Parallel Sets vs. Mosaic Plots (Take I)
Robert has released the wonderful parallel sets tool in version 2. It is JAVA, it is interactive – so what do we want more! As I spent some time thinking about the display of categorical data and creating tools for their visualization myself, I thought it would be a great idea to compare the parallel sets approach with mosaic plots and variants like fluctuation diagrams and multiple barcharts. I used the parallel sets tool and Mondrian to create the plots.
Now, when it comes to categorical data, there is no way to get around the
Titanic data
The most interesting feature to find in the Titanic data is the “woman and children first” policy. One oddity is the very small group of surviving male in 2nd class. This feature is queried in both plots.

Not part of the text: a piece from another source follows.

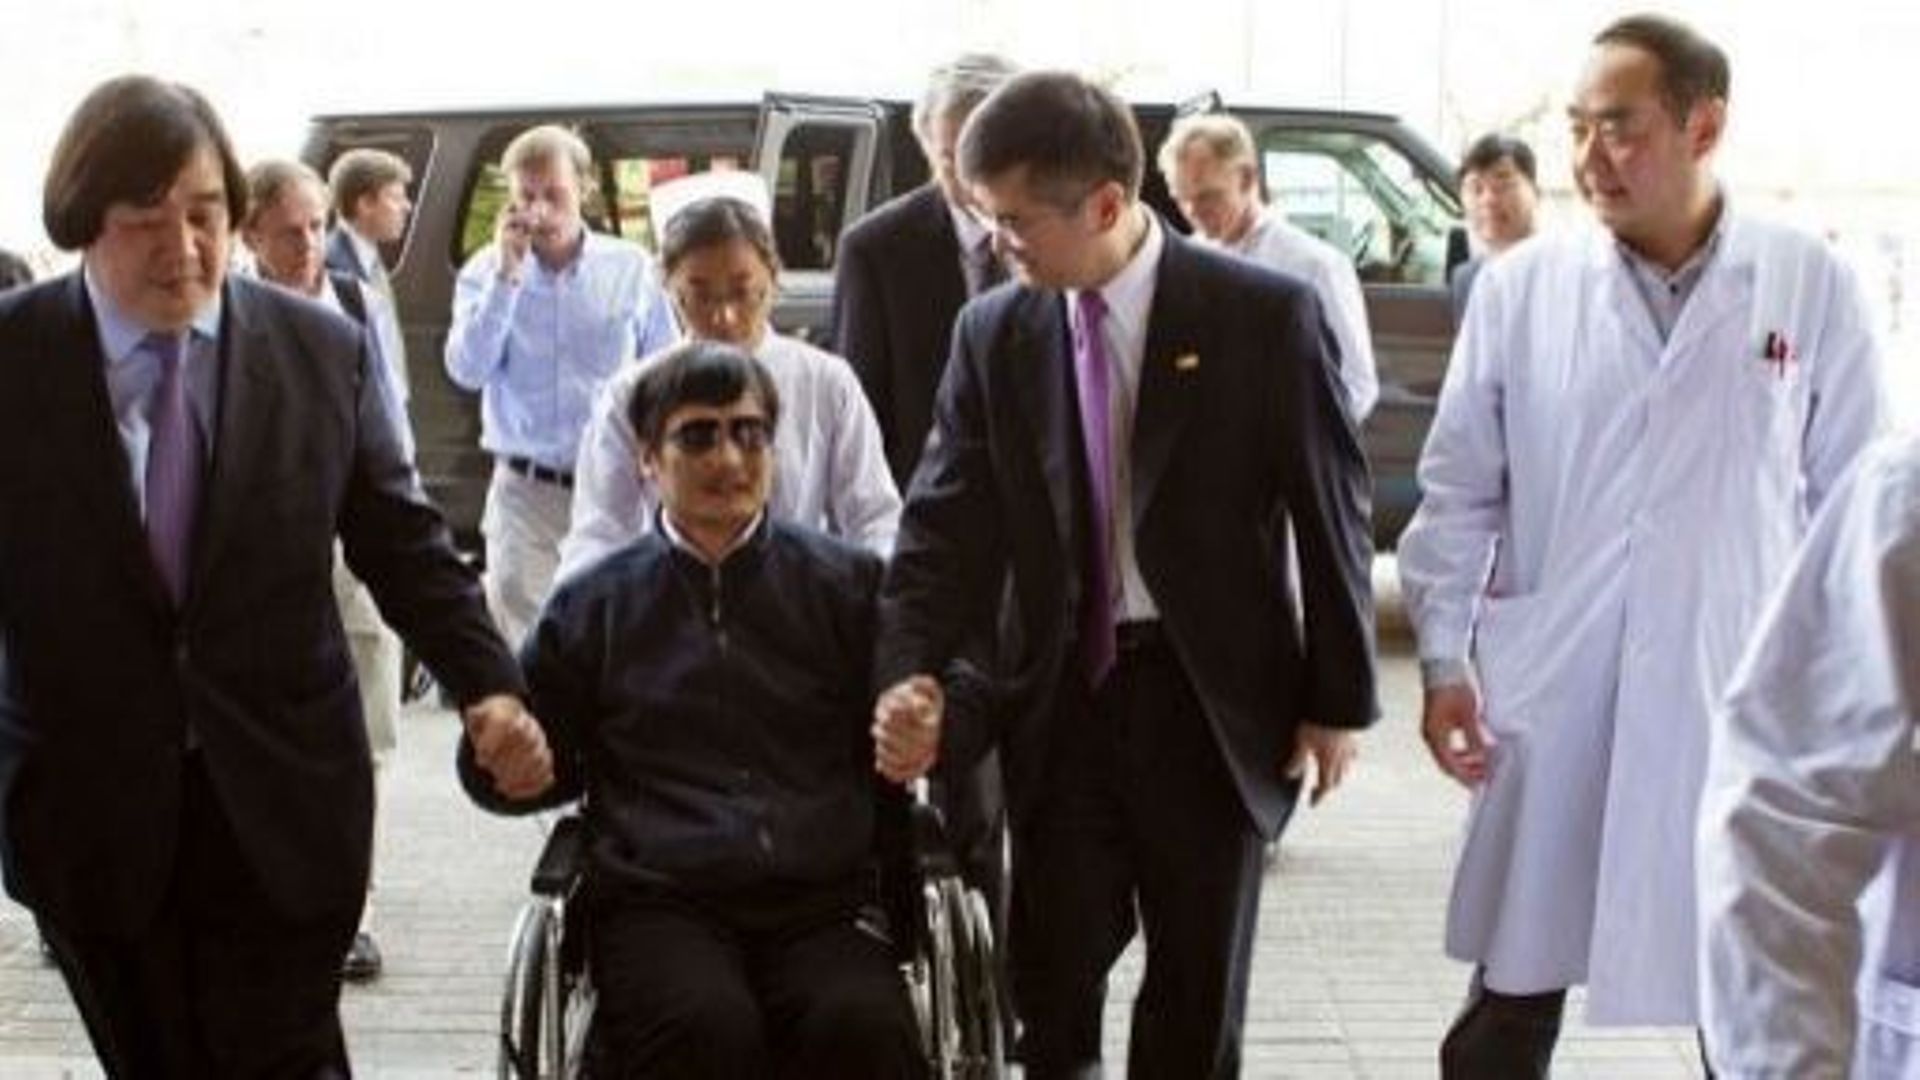 Le militant des droits civiques, Chang Guangcheng (C), accompagné de l'ambassadeur américain à Pékin, Gary Locke (D), le 2 mai 2012 à Pékin

In both plots we see that there is something wrong with the size of the group of surviving 2nd class males. The policy “woman and children first” though, I find hard to see in the parallel sets – this might be a problem of a better ordering of the axes in the parallel sets view.
Detergent Data
One strength of mosaic plots is to show the degree of an association. The detergent data is a very good example to illustrate this. Let’s see how the two visualizations compare:
Whereas the stronger association between “Preference” and “M-User” is fairly obvious towards harder water and higher temperatures in the mosaic plot, I just see a (nice) regular pattern in the parallel sets.
Census Data
We finally want to look at a type of data where I know that mosaic plots usually have a hard time to deliver decent results and it is usually better to use multiple barcharts or fluctuation diagrams instead
I left out the standard mosaic plot altogether as it fails completely to give any information that can be interpreted. Censored zooming is incredible useful here.
I don’t want to summarize by now as I still need to learn more about parallel sets (which, btw are the same what Matt called hammock plots before).
Looking forward to your comments – which will hopefully lead to take II.
These examples display reference material jammed into a graphic that in itself makes no particular point. The designers have created a puzzle not a ‘solution’. While numeric riddles may be useful in newspapers or magazines, they are generally a barrier to communication. Why not just leave reference data in a reference table?
Although untrendy the humble table has proved to be a reliable, robust and readable structure for presenting data for the past 3,000 years. An old phrase flies into mind: “The emperor has no clothes”. Or perhaps I am being too harsh?